張氏還是第一次聽說這件事,便大為驚訝:“此話當真?”
“我說的還有假!”王裏正冷笑一聲:“那劉渠水隻當小山是個神童,掏了大把的銀子送他去讀書,卻不知道將來一旦科舉,人家查驗祖宗三代,一定能扒出來她家的來曆,到時候等待姐弟兩個的,就是死字!不知所謂的丫頭,還想告禦狀,讓她告一個試試!”
張氏心裏頭便也發麻,想到盧氏與渠水走得過近,不由埋怨道:“你這死老頭子,既然知道這事,咋不看著咱家老二媳婦,萬一將來事發,豈不是把我們都給牽連了進去!”

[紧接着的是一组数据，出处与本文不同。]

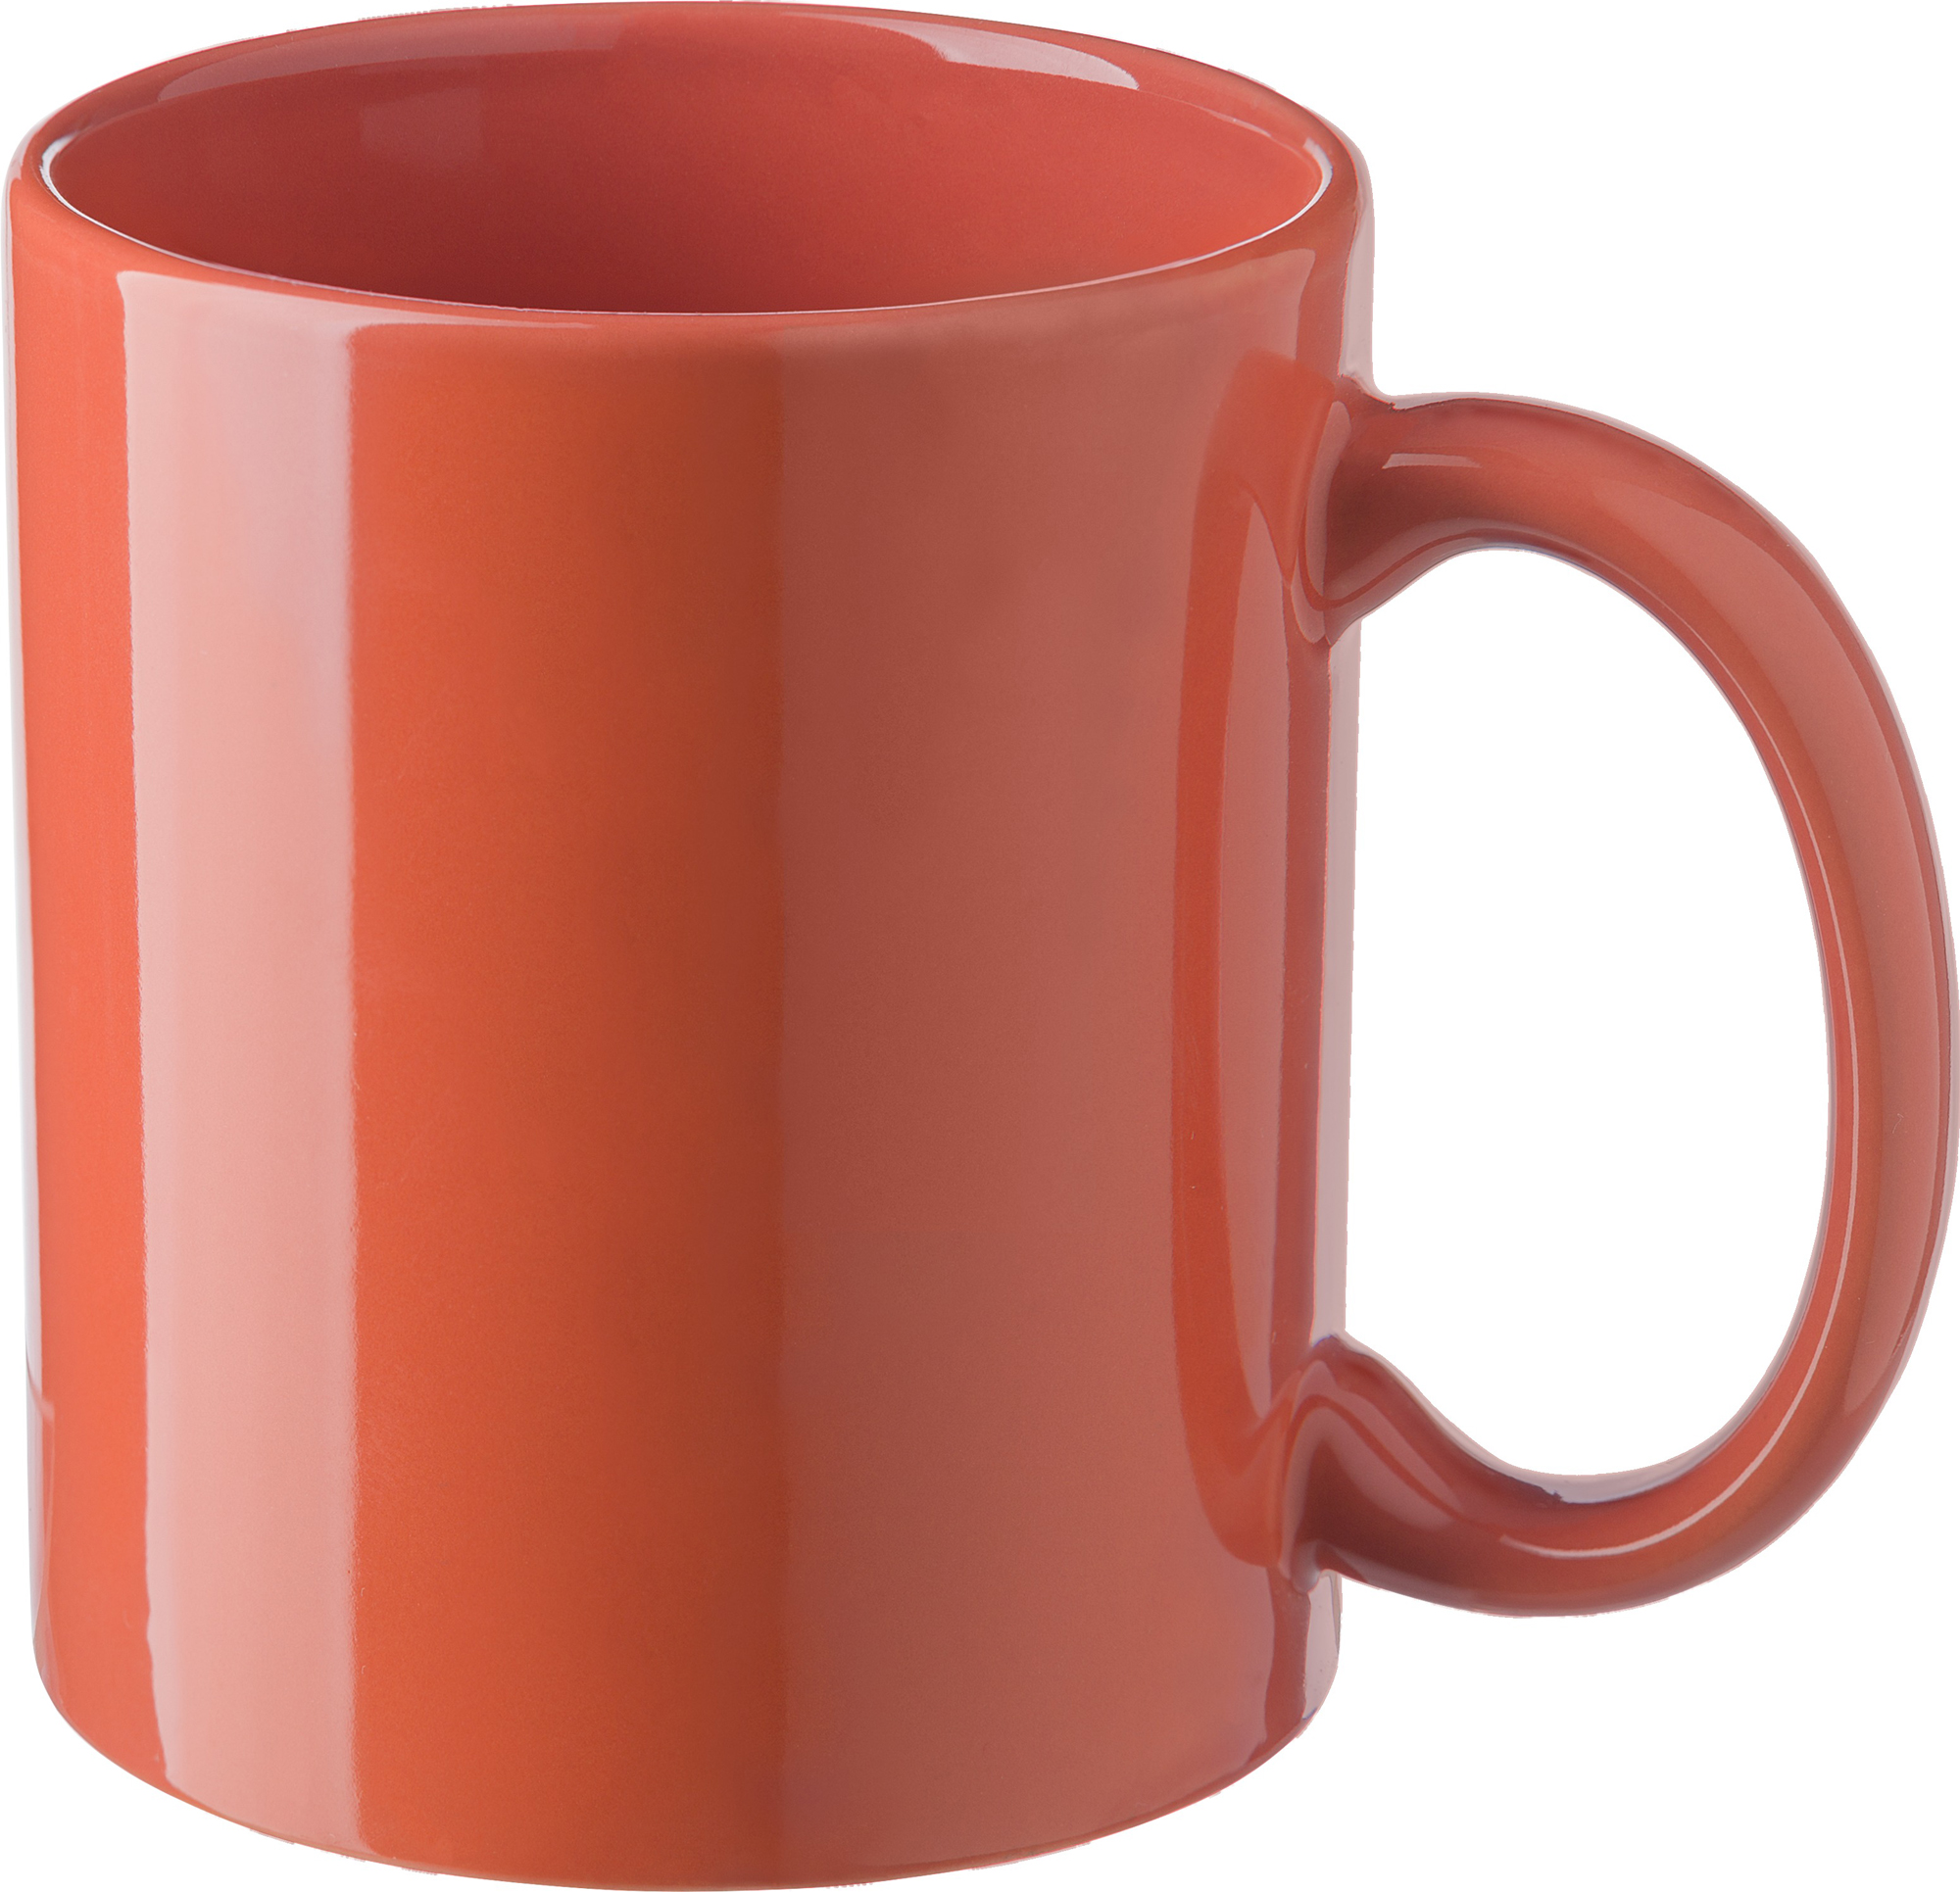 000000864650 007999999 3d045 rgt pro01 2022 fal - Coloured ceramic mug (300ml)
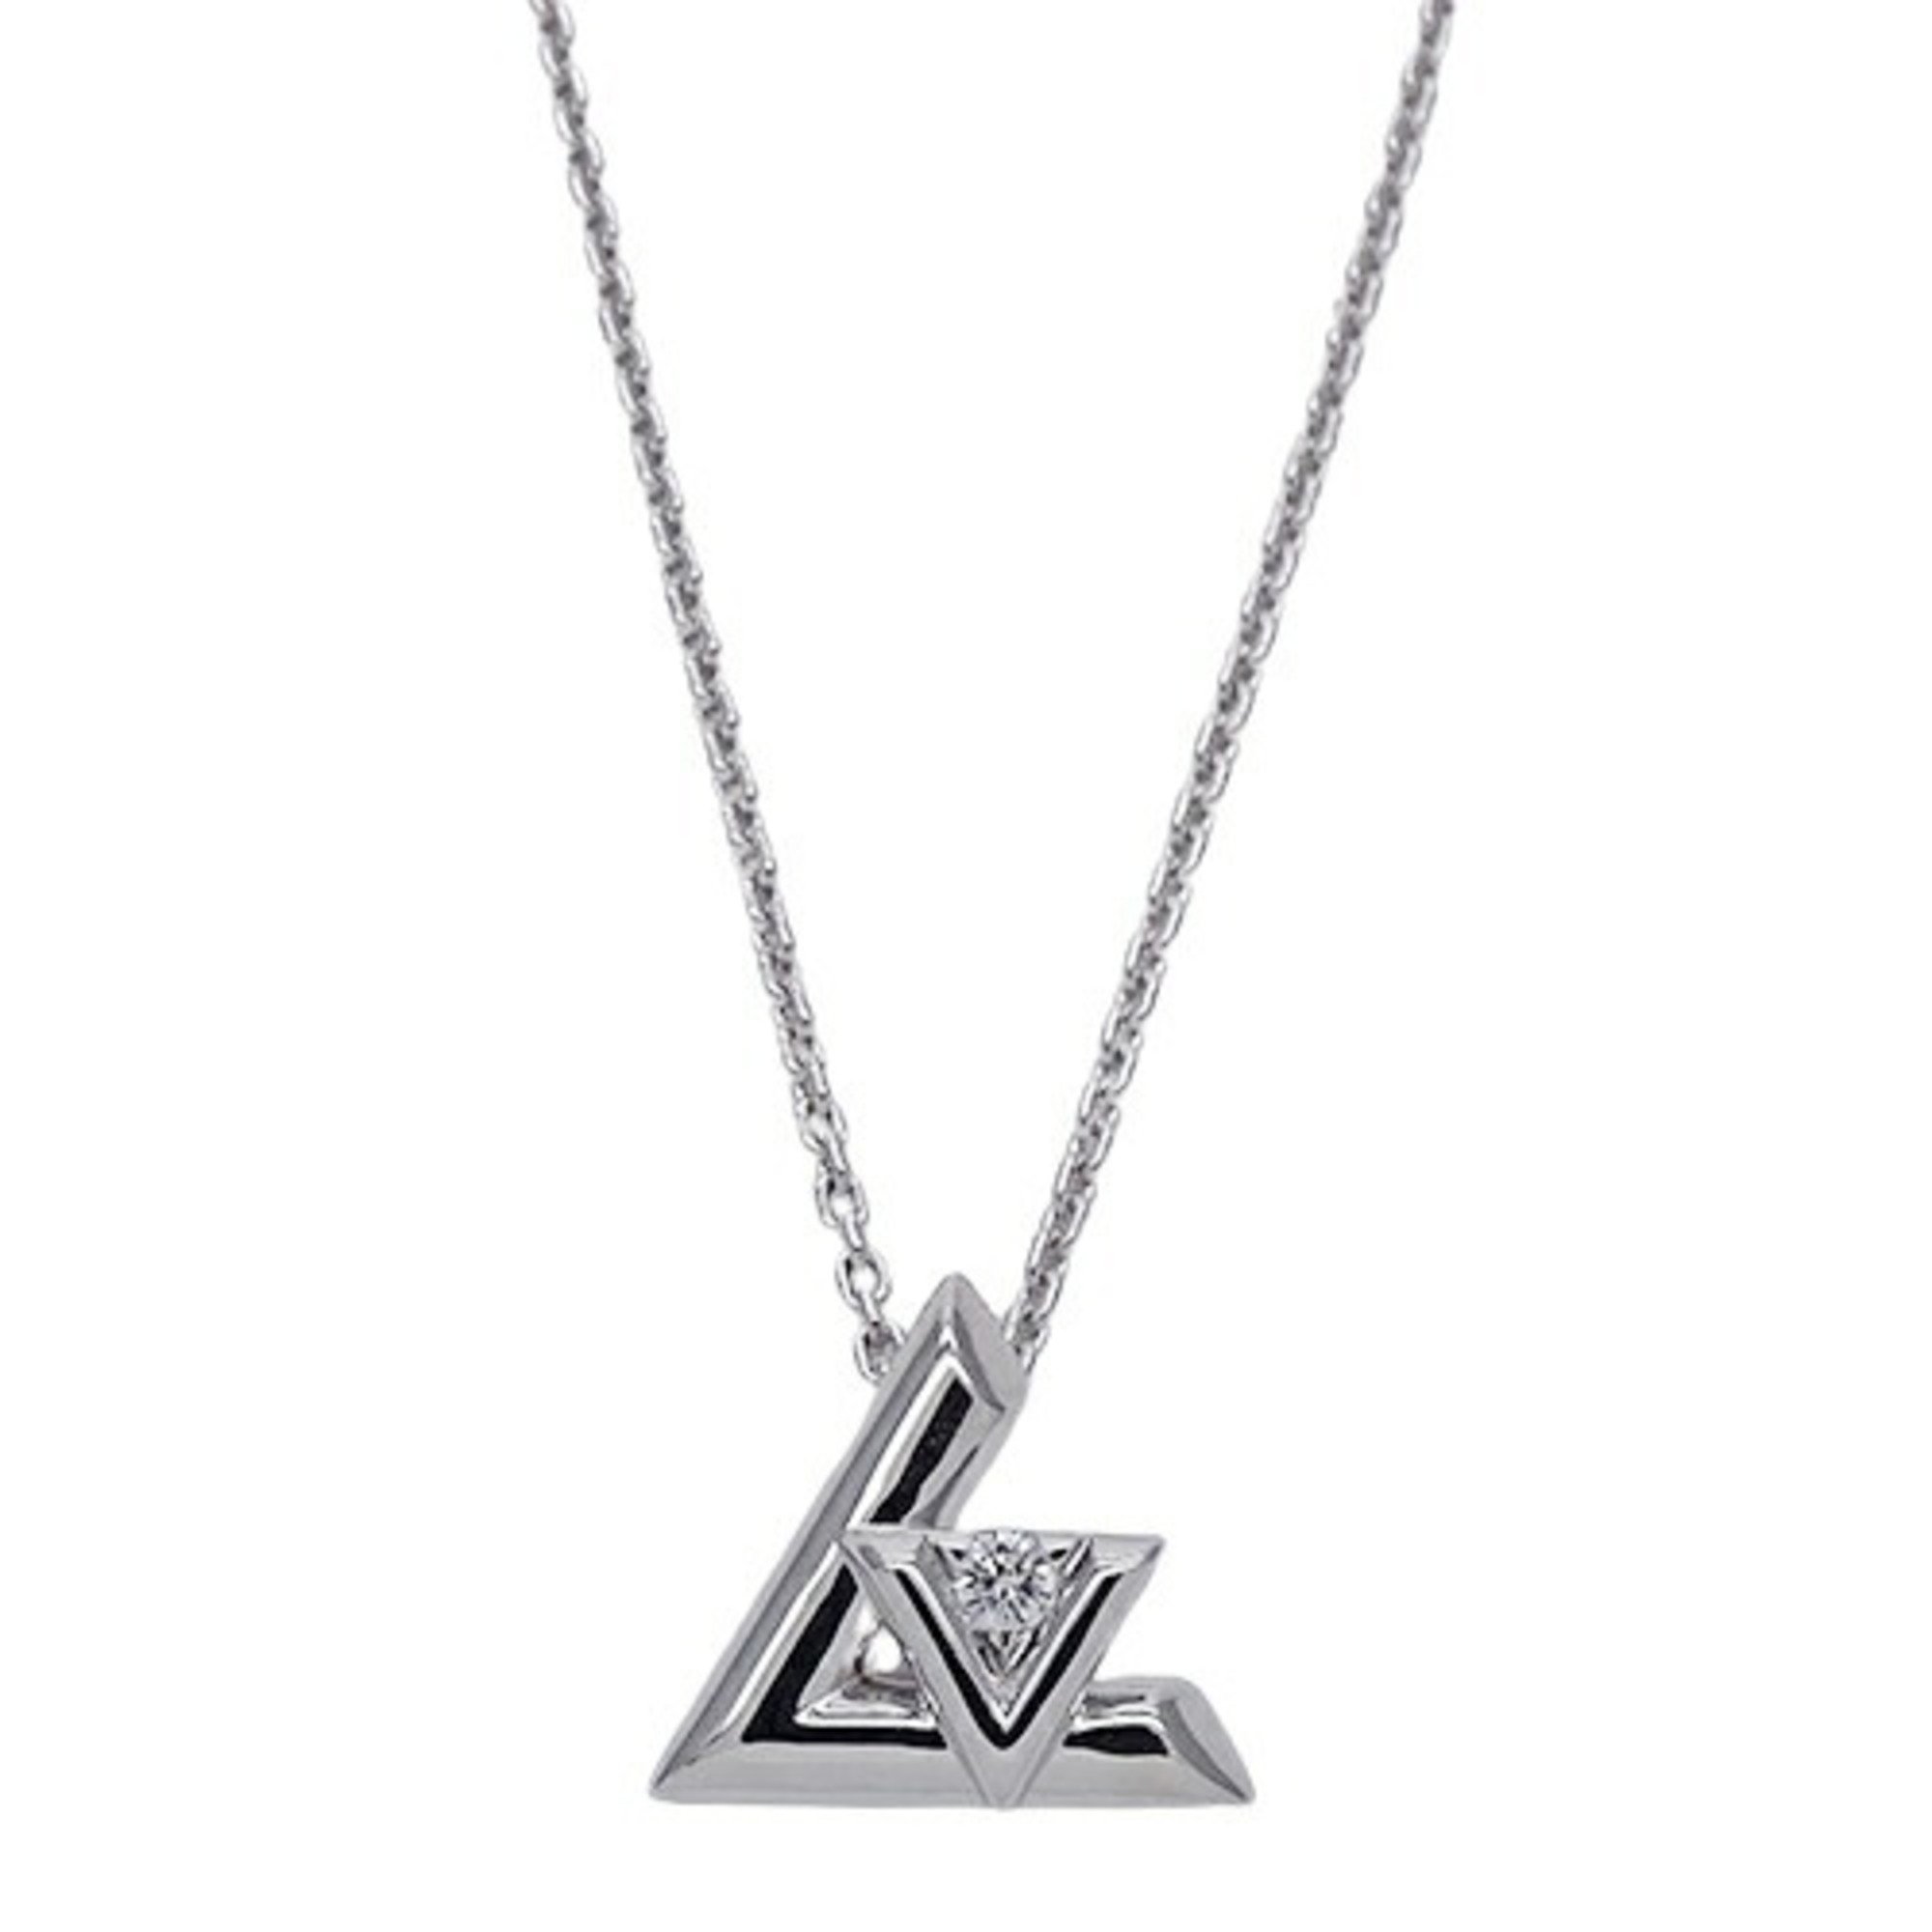 LOUIS VUITTON Necklace for Women 750WG Diamond Indantif LV Volt One PM White Gold Q93806 Polished

“怕什麽!隻是在她家飯館裏打個工而已,拿工錢,私下裏沒交情就沒事!你就不奇怪她家飯館咋那麽掙錢,賣的各樣吃食又稀罕又新鮮,平常人根本沒見過,還不是她爹帶到鄉下來的,平日一直藏著掖著,現在被她不知死活拿出來用,瞧著吧,哼,等有人認出來那食譜,她家就倒黴了!”
“哎呀,那我得趕緊對二媳婦說道說道,讓她不要那麽傻,跟渠水那麽親近,免得將來受連累!”張氏一拍大腿,轉身便走。
“回來!”王裏正不耐煩地嗬斥一聲,鄭重囑咐道:“這話你可不許泄露出去半句,這種砍頭的大事,能躲多遠是多遠!”
“噯!”張氏猶豫下,便點頭應了,半晌才小心問了一句:“老頭子,那依你這麽說,一旦事發,渠水與小山豈不是要拉去砍頭?”
“瞎!”王裏正一擺手:“啥罪名我不知道,砍頭不砍頭的咱也不確定,但就算罪不殃及子孫,那犯官的子孫三代都不許參加科考的,小山他就沒這個資格!”
孫氏聽得不是太懂,連連點頭,有些懵圈的去找盧氏念叨去了。
回去的渠水特別氣憤,緊皺著眉頭思考如何讓王裏正對他們公平一些。
趙二娘子一路上也無話,等快走到縣城的時候,才勸了渠水一句:“算了,渠水,我瞅著今天裏正的語氣不像是開玩笑,你以後脾氣也管管,不要和他硬碰硬,要是他真將你們兩個給驅逐出去,以後你倆該咋辦!”